Restore the Fourth: Snail mail edition
On the Fourth of July, thousands of protesters took to the streets across America to challenge the National Security Agency’s unconstitutional domestic spying program.
Simultaneously, the New York Times‘ revealed the U.S. Post Office has been doing something disturbingly similar for years now, possibly for as long as a century.
Currently known by the Orwellian moniker “Mail Isolation Control and Tracking” and previously dubbed simply “mail covers,” the program takes photos of mailed envelopes, scans that data and holds on to it until an investigator comes calling. And–you guessed it–no warrant is needed. It’s old school metadata.
Some may find this system less objectionable than PRISM, because while PRISM was peering into communications most people think are private, there is nothing private about the outside of an envelope. The simply act of carrying an envelope to a mailbox could expose it to at least some peering eyes, and in any case, postal workers will certainly see every envelope. The courts have taken just this stance, saying that we have “no reasonable expectation of privacy for information contained on the outside of a letter.”

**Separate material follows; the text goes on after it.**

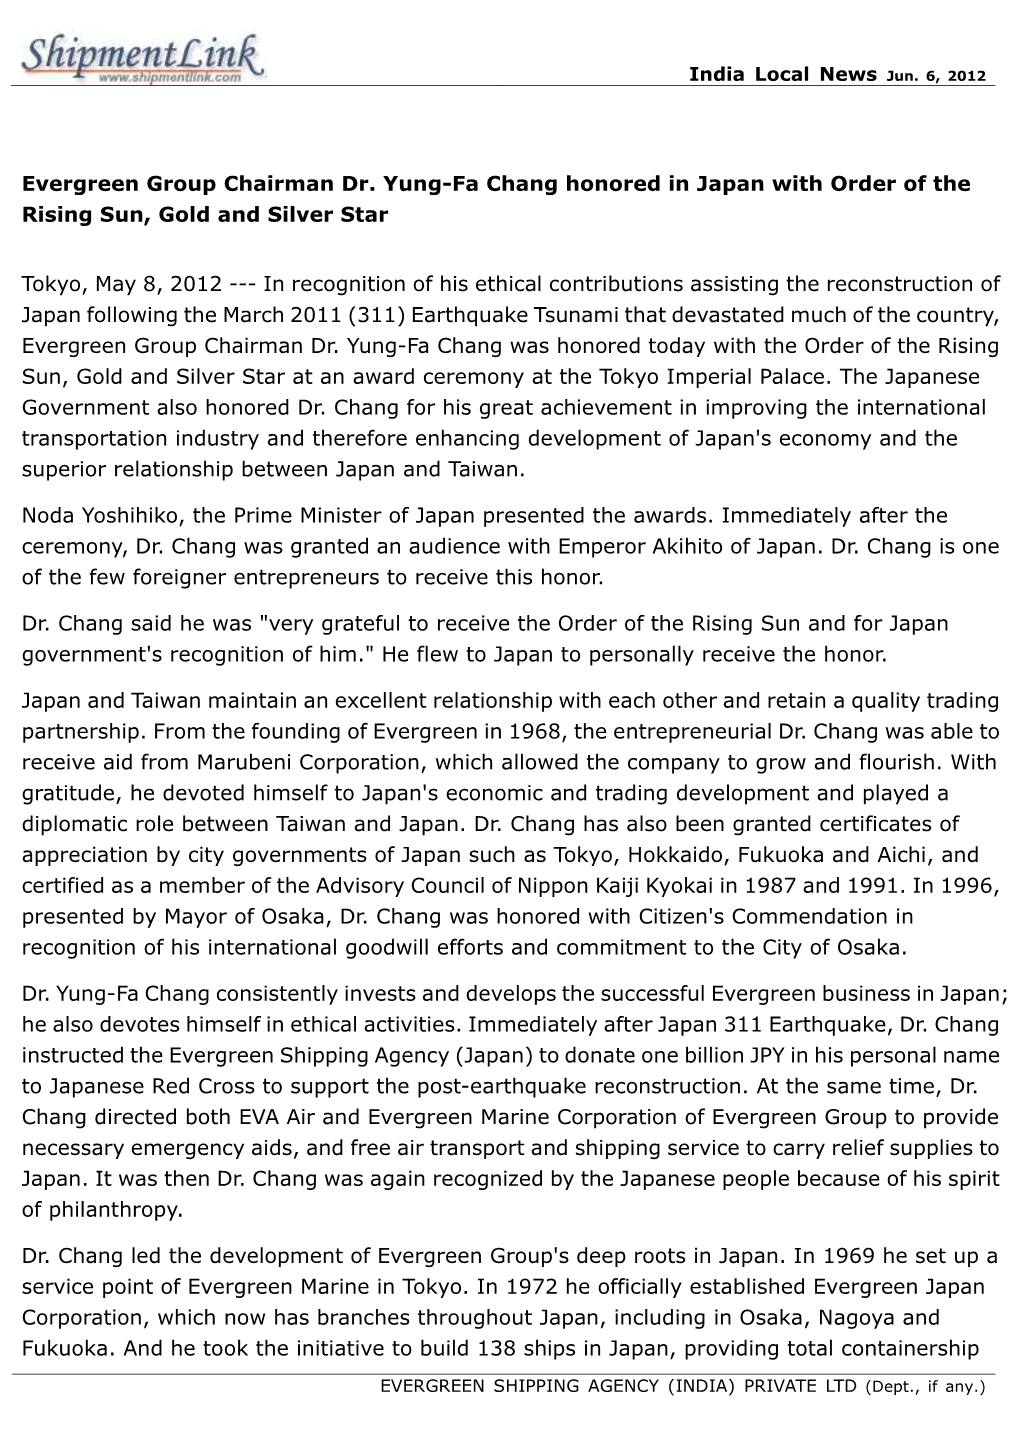 Evergreen Group Chairman Dr. Yung-Fa Chang Honored in Japan with Order of the Rising Sun, Gold and Silver Star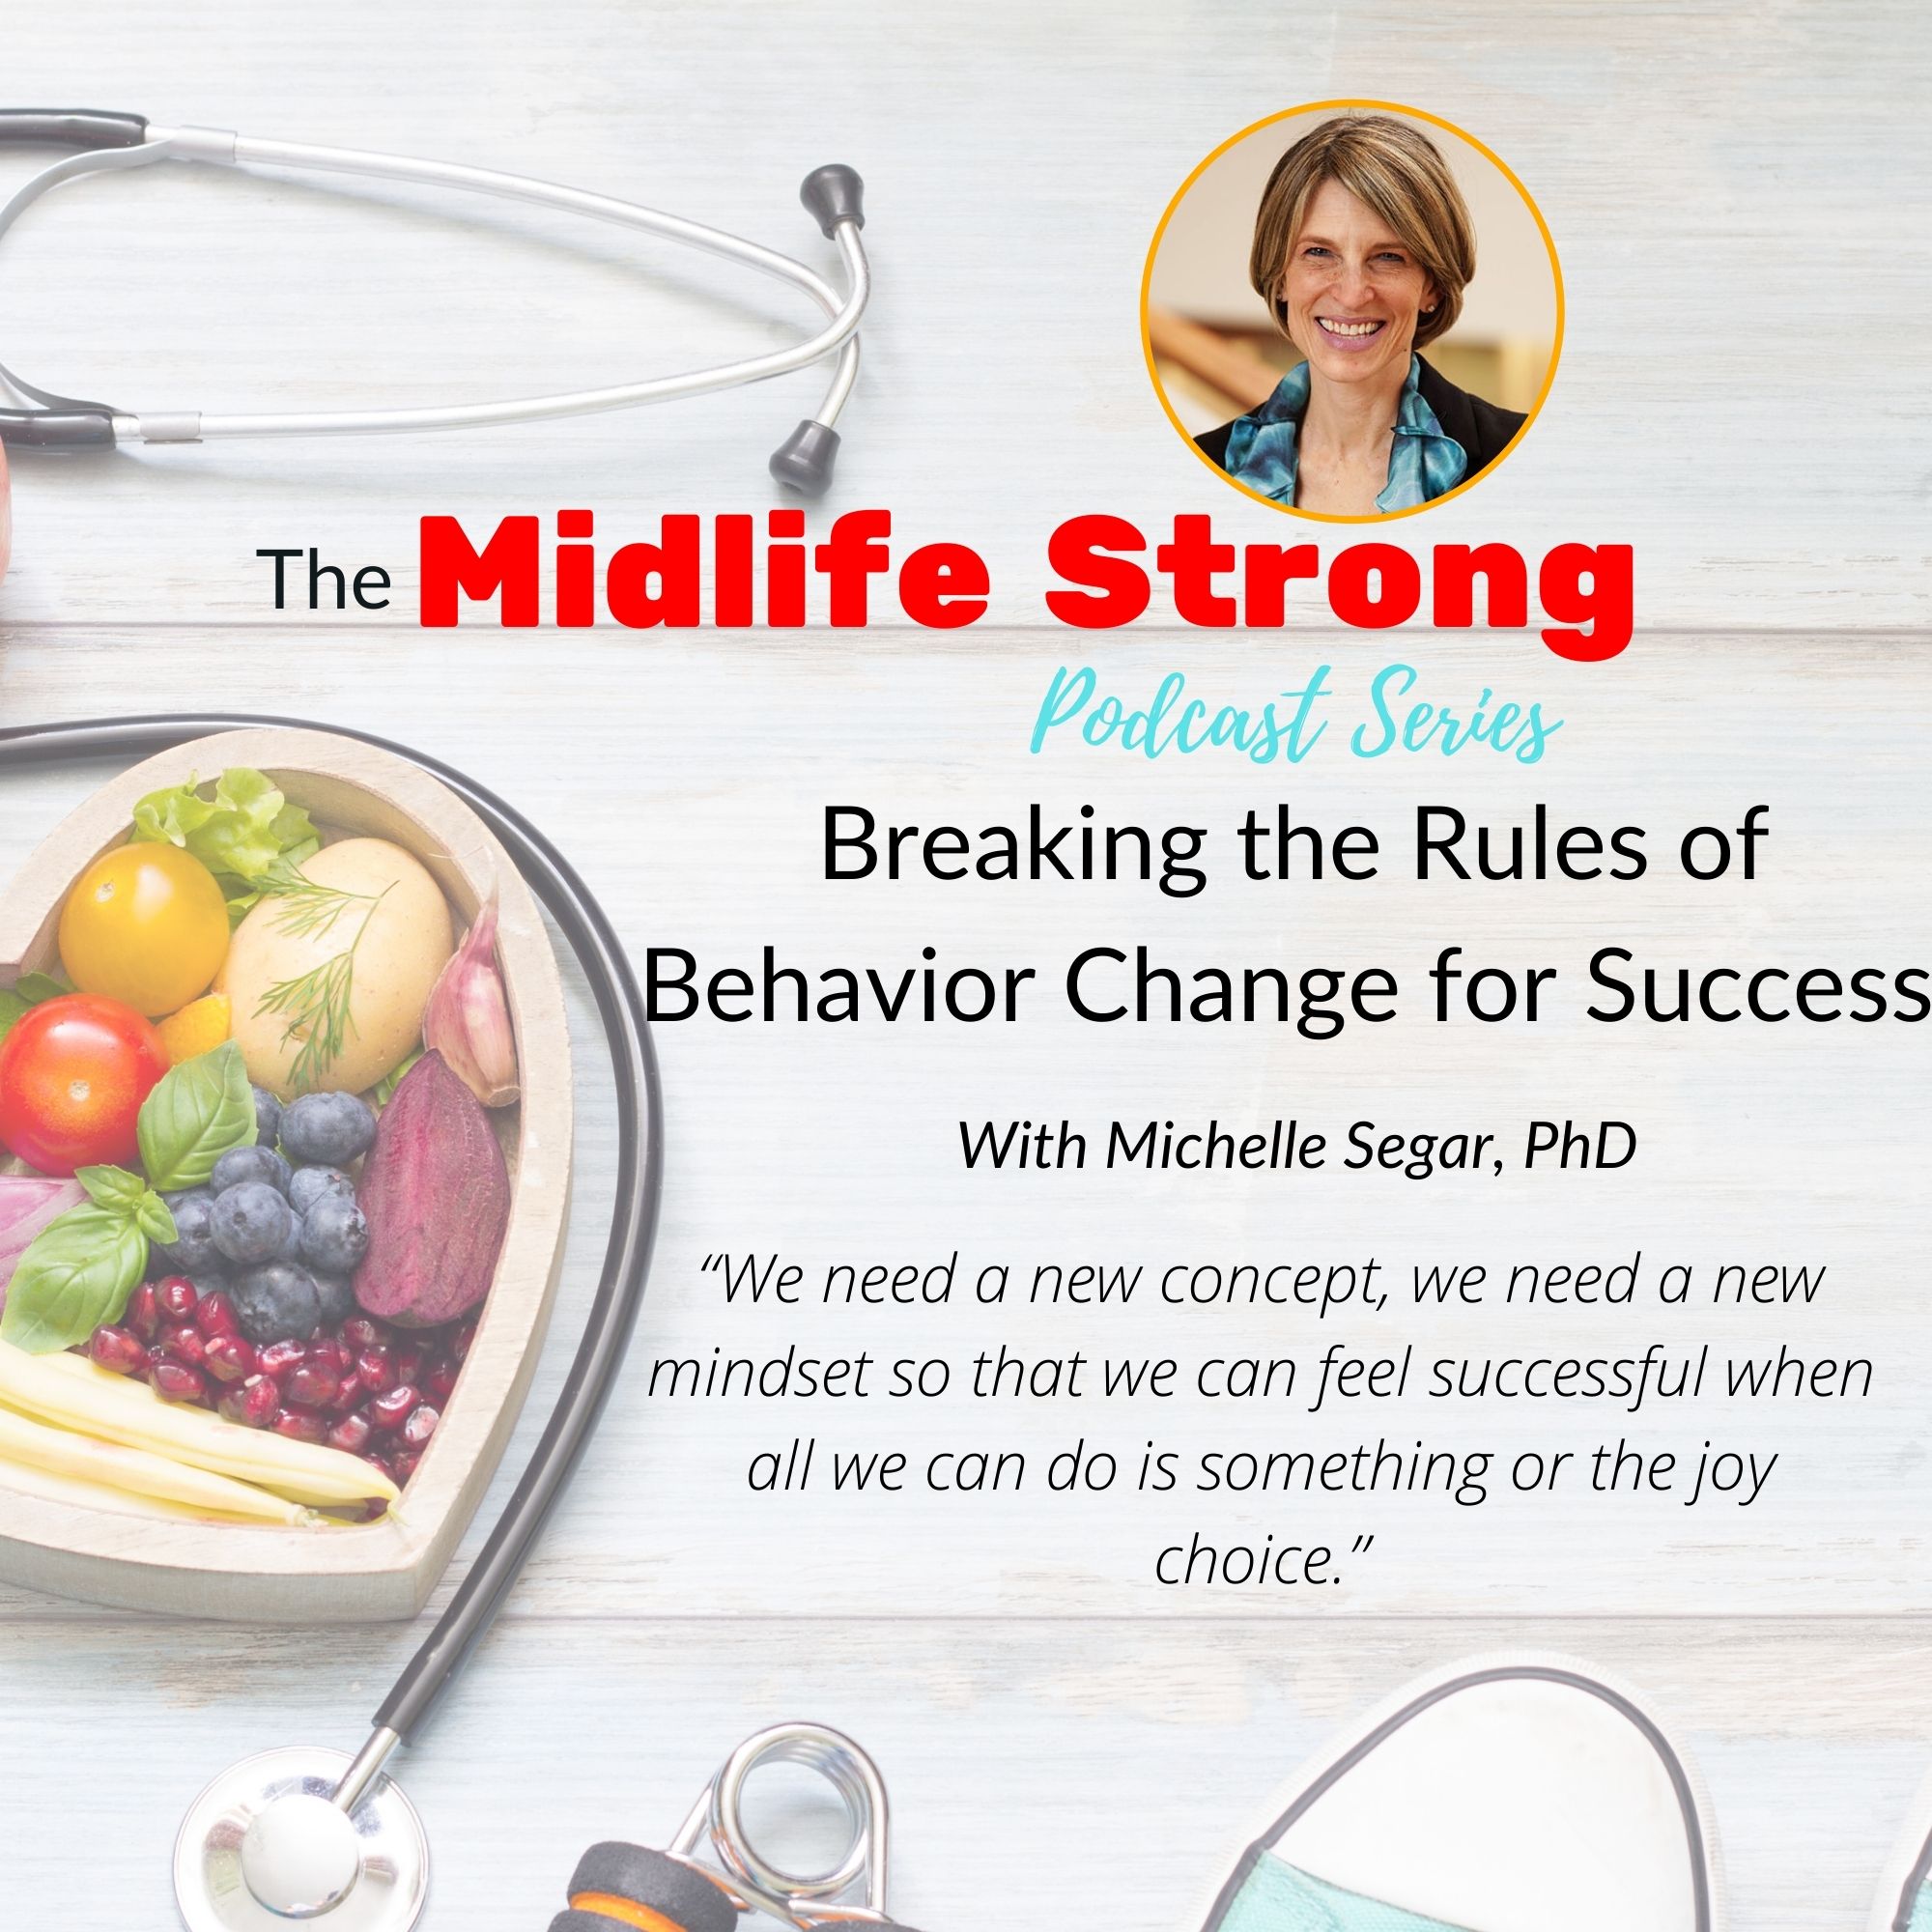 picture of Michelle Segar with text "Breaking the Rules of Behavior Change for Success"

But does that make it okay? Read what one federal investigator had to say about what kind of information they can obtain:
“It’s a treasure trove of information,” said James J. Wedick, a former F.B.I. agent who spent 34 years at the agency and who said he used mail covers in a number of investigations, including one that led to the prosecution of several elected officials in California on corruption charges. “Looking at just the outside of letters and other mail, I can see who you bank with, who you communicate with — all kinds of useful information that gives investigators leads that they can then follow up on with a subpoena.”
But, he said: “It can be easily abused because it’s so easy to use and you don’t have to go through a judge to get the information. You just fill out a form.”
Moreover, the program has been used for political intimidation. Sheriff Joe Arpaio of Arizona used the program to track the mail going to and from a member of the Maricopa County Board of Supervisors who was highly critical of Arpaio’s programs.
If a law enforcement official wants to collect data on a private citizen, they should use the recourse that has always been available to them: go to the courts to request a warrant, and make the case that such investigation is necessary for public safety. The burden of proof rests with the law enforcement official, and if they can pass that high bar, then the investigation can commence. For this program, or any government program, to authorize the exercise of such power unchecked by any formal process or institution is a recipe for disaster.